Although the attorney basically seemed to agree with my proposal, he seemed confused about what to do. Since our hearing was already scheduled in front of the judge, he suggested we go on into the courtroom. I was unsure whether we were scheduled for a 10 minute hearing or a half hour hearing. At any rate I told him the judge would probably have to reschedule us if we were actually to be heard.
We walked down the hall together looking for the judge's courtroom. The judge's name was Felsenthall. I didn't want the other attorney to know I had never had a hearing before the judge. However, when I made a wrong turn in the hall and the other attorney told me the courtroom was in another direction, I admitted to him that although I had been in front of the other bankruptcy judges, I had never been in front of Felsenthall.
When we entered the courtroom, probably 25-30 people were already seated inside. I sat in a seat near the back, and the other attorney found himself a seat. I was a little nervous because Hogan wasn't here with me and I thought his presence might be necessary. Plus, I was unsure I had even told Hogan to come to this hearing, and that was part of the reason why I didn't want to have the hearing today.
After a short wait, the judge entered. He quickly took the bench and began calling out names for cases.
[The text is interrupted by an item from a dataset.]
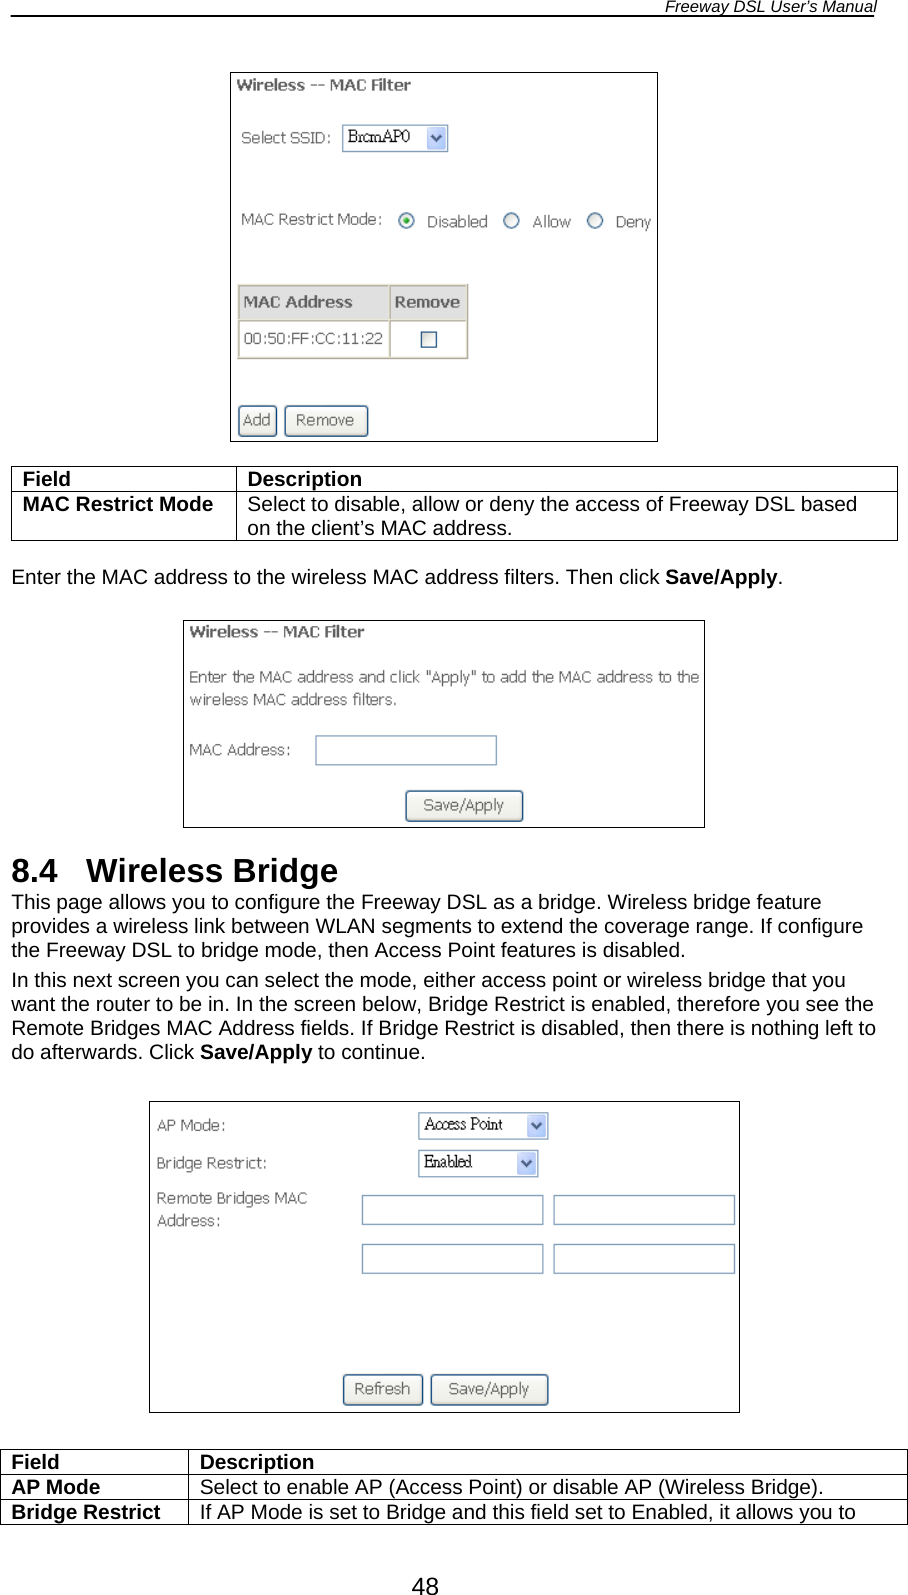 Freeway DSL User’s Manual  48   Field Description MAC Restrict Mode  Select to disable, allow or deny the access of Freeway DSL based on the client’s MAC address.  Enter the MAC address to the wireless MAC address filters. Then click Save/Apply.    8.4 Wireless Bridge This page allows you to configure the Freeway DSL as a bridge. Wireless bridge feature provides a wireless link between WLAN segments to extend the coverage range. If configure the Freeway DSL to bridge mode, then Access Point features is disabled. In this next screen you can select the mode, either access point or wireless bridge that you want the router to be in. In the screen below, Bridge Restrict is enabled, therefore you see the Remote Bridges MAC Address fields. If Bridge Restrict is disabled, then there is nothing left to do afterwards. Click Save/Apply to continue.    Field Description AP Mode  Select to enable AP (Access Point) or disable AP (Wireless Bridge). Bridge Restrict  If AP Mode is set to Bridge and this field set to Enabled, it allows you to

Since I was having difficulty hearing, I rose and walked to the side of the room and toward the front. I saw some seats in the very front row, and I thought I would sit down in one.
Before I reached the seats, the judge called out Hogan's name and the creditor's attorney rose and announced he was present. I spoke up and announced I was the debtor's attorney. I also announced that I thought the creditor's attorney and I had an agreement worked out, but that I thought the creditor's attorney would still like for us to confer with the judge and get the judge's approval.
I moved in front of the bench and the judge began talking to me. At this point I realized I wasn't wearing any shoes and I was in fact barefoot. Although I imagined all the people sitting in the audience could see I was barefoot, there was little I could do about it now. I just hoped the judge didn't notice.
The judge began asking me when would be a good time for me to have the hearing. He said something about hearing the case at a restaurant downtown, although I wasn't entirely sure what he was talking about. Finally the creditor's attorney looked worried about my talking alone to the judge and he likewise stepped up to the bench.